____ RECORDS PROVIDED

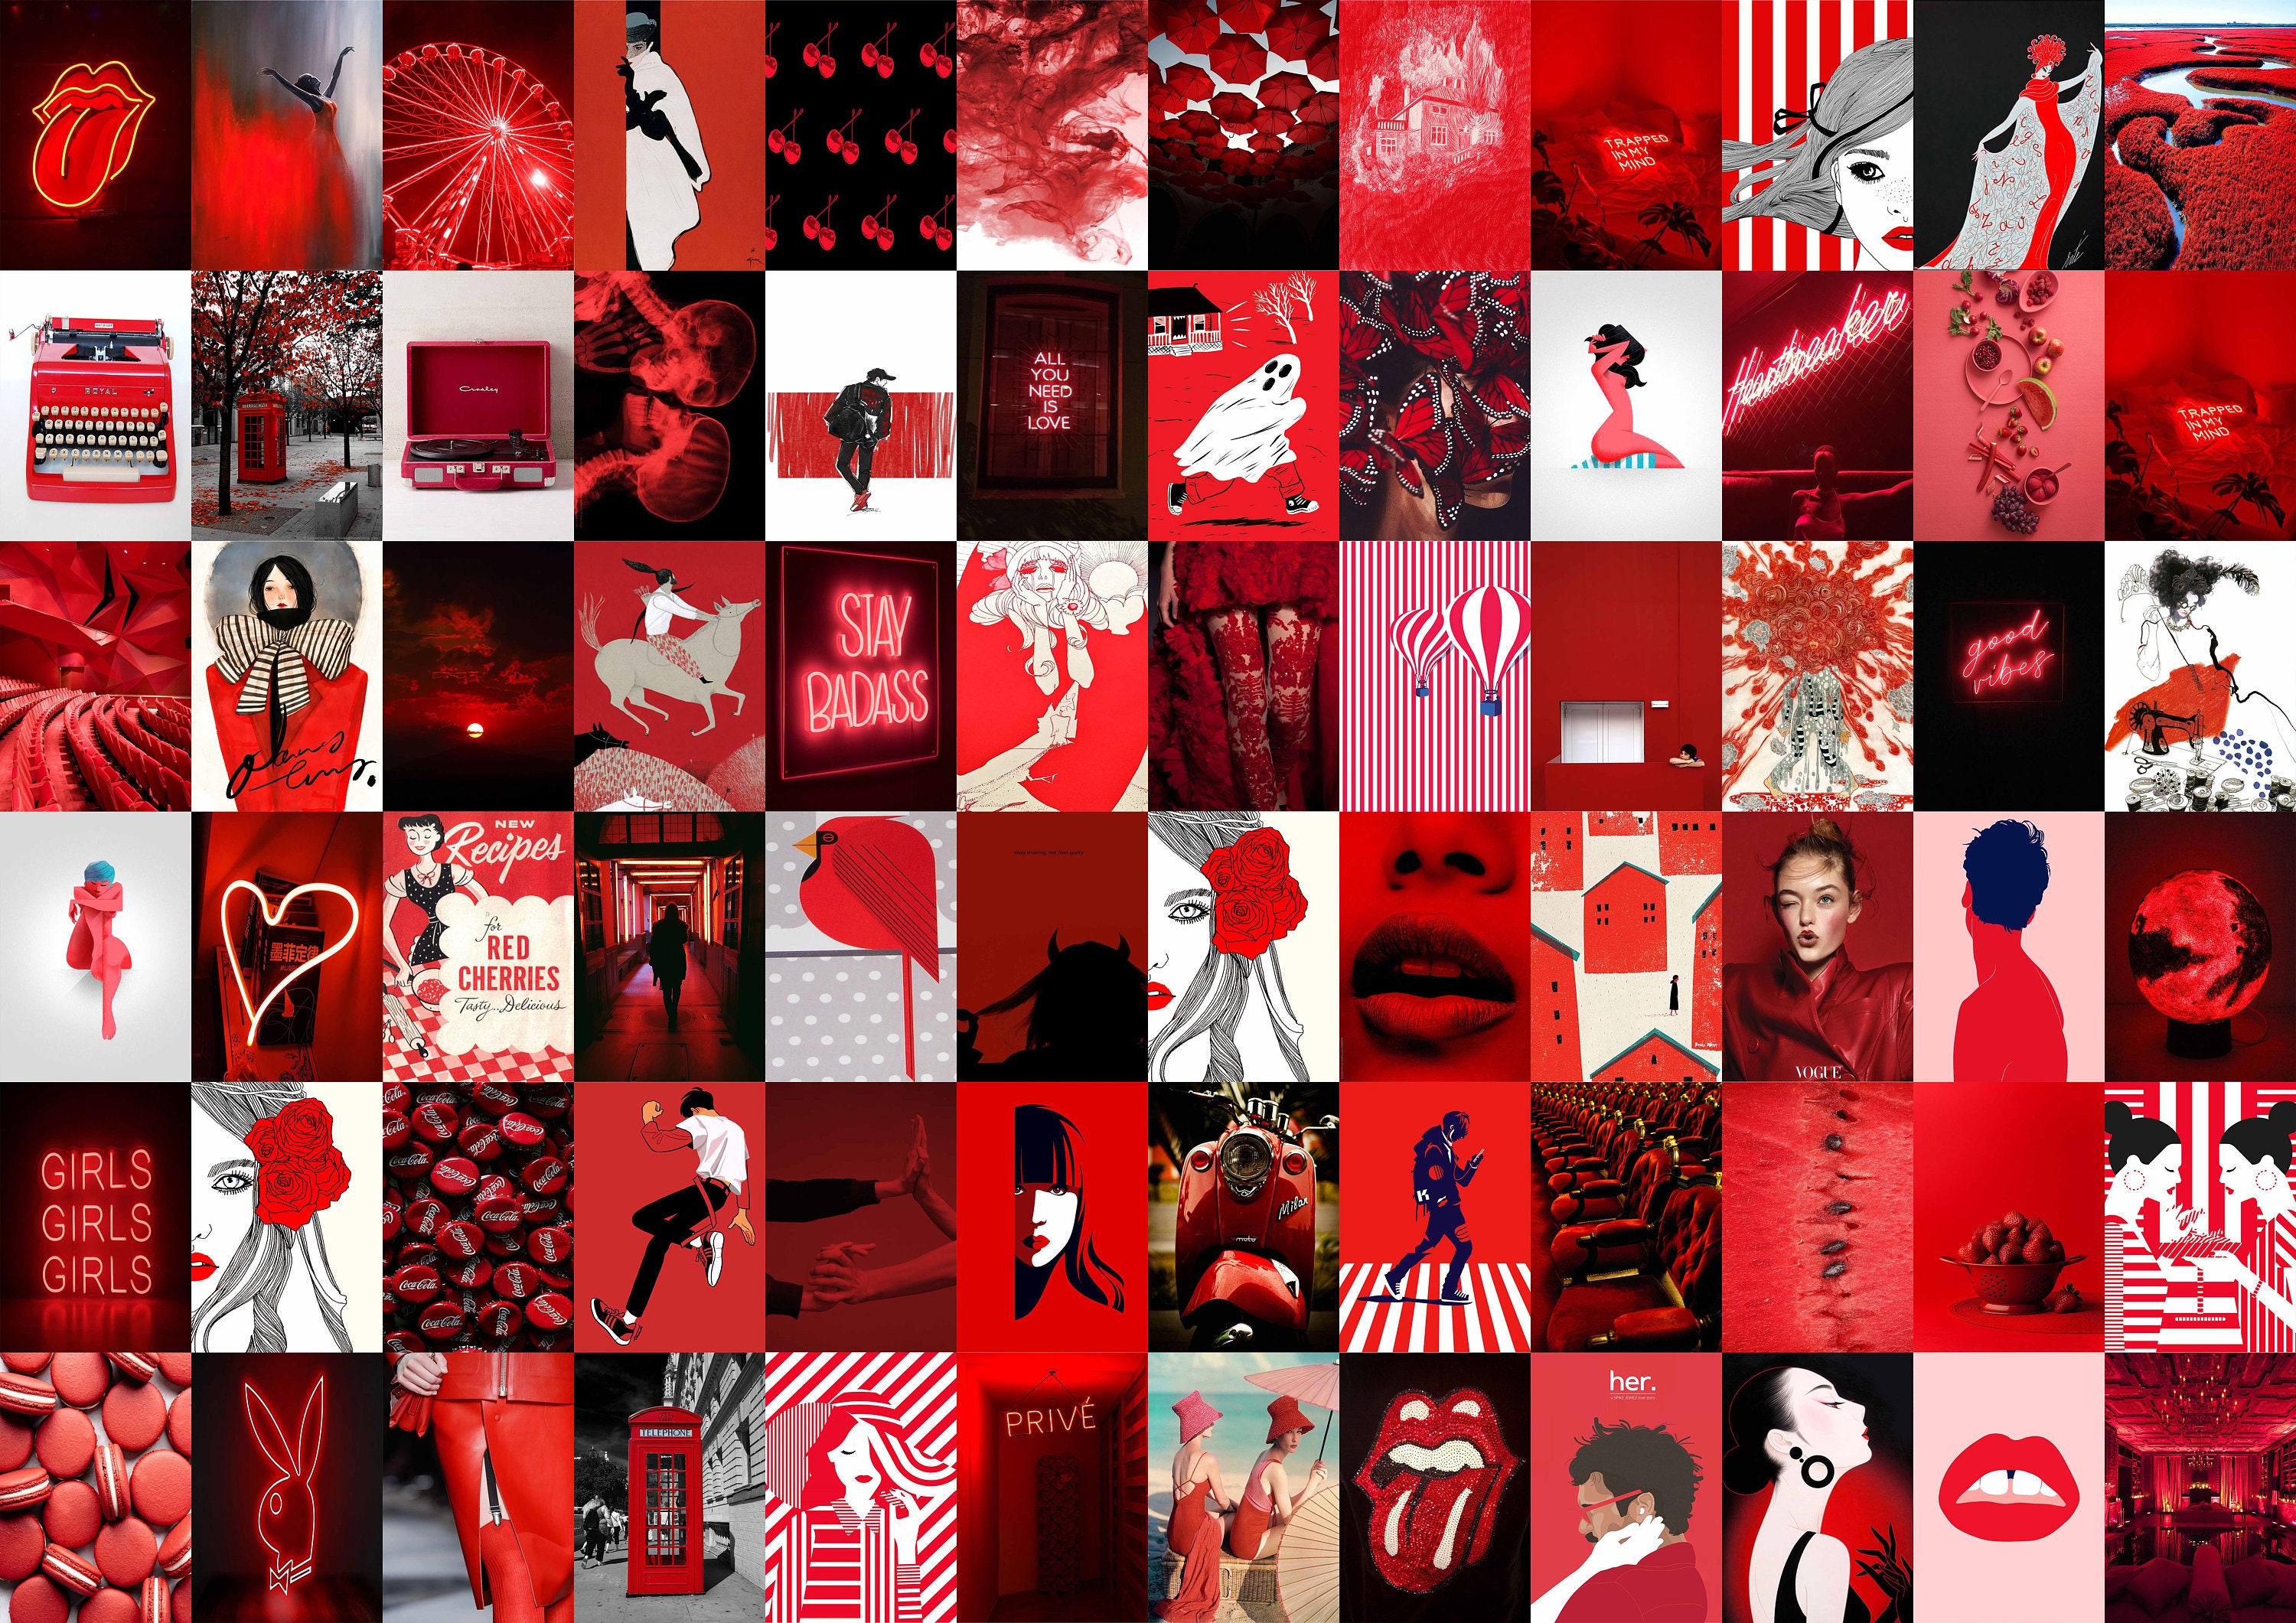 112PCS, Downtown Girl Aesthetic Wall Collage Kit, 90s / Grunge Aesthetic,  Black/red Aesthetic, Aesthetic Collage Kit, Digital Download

________
____ RECORDS PROVIDED

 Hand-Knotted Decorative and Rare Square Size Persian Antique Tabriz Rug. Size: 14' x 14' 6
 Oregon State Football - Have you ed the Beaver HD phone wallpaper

________

## TASK BRIEF
Could you repeat exactly the lines above from the line with "Hand-Knotted Decorative and" up to and including the line with "Oregon State Football", and only those?

## RESPONSE FOR THIS EXERCISE
 Hand-Knotted Decorative and Rare Square Size Persian Antique Tabriz Rug. Size: 14' x 14' 6
 Oregon State Football - Have you ed the Beaver HD phone wallpaper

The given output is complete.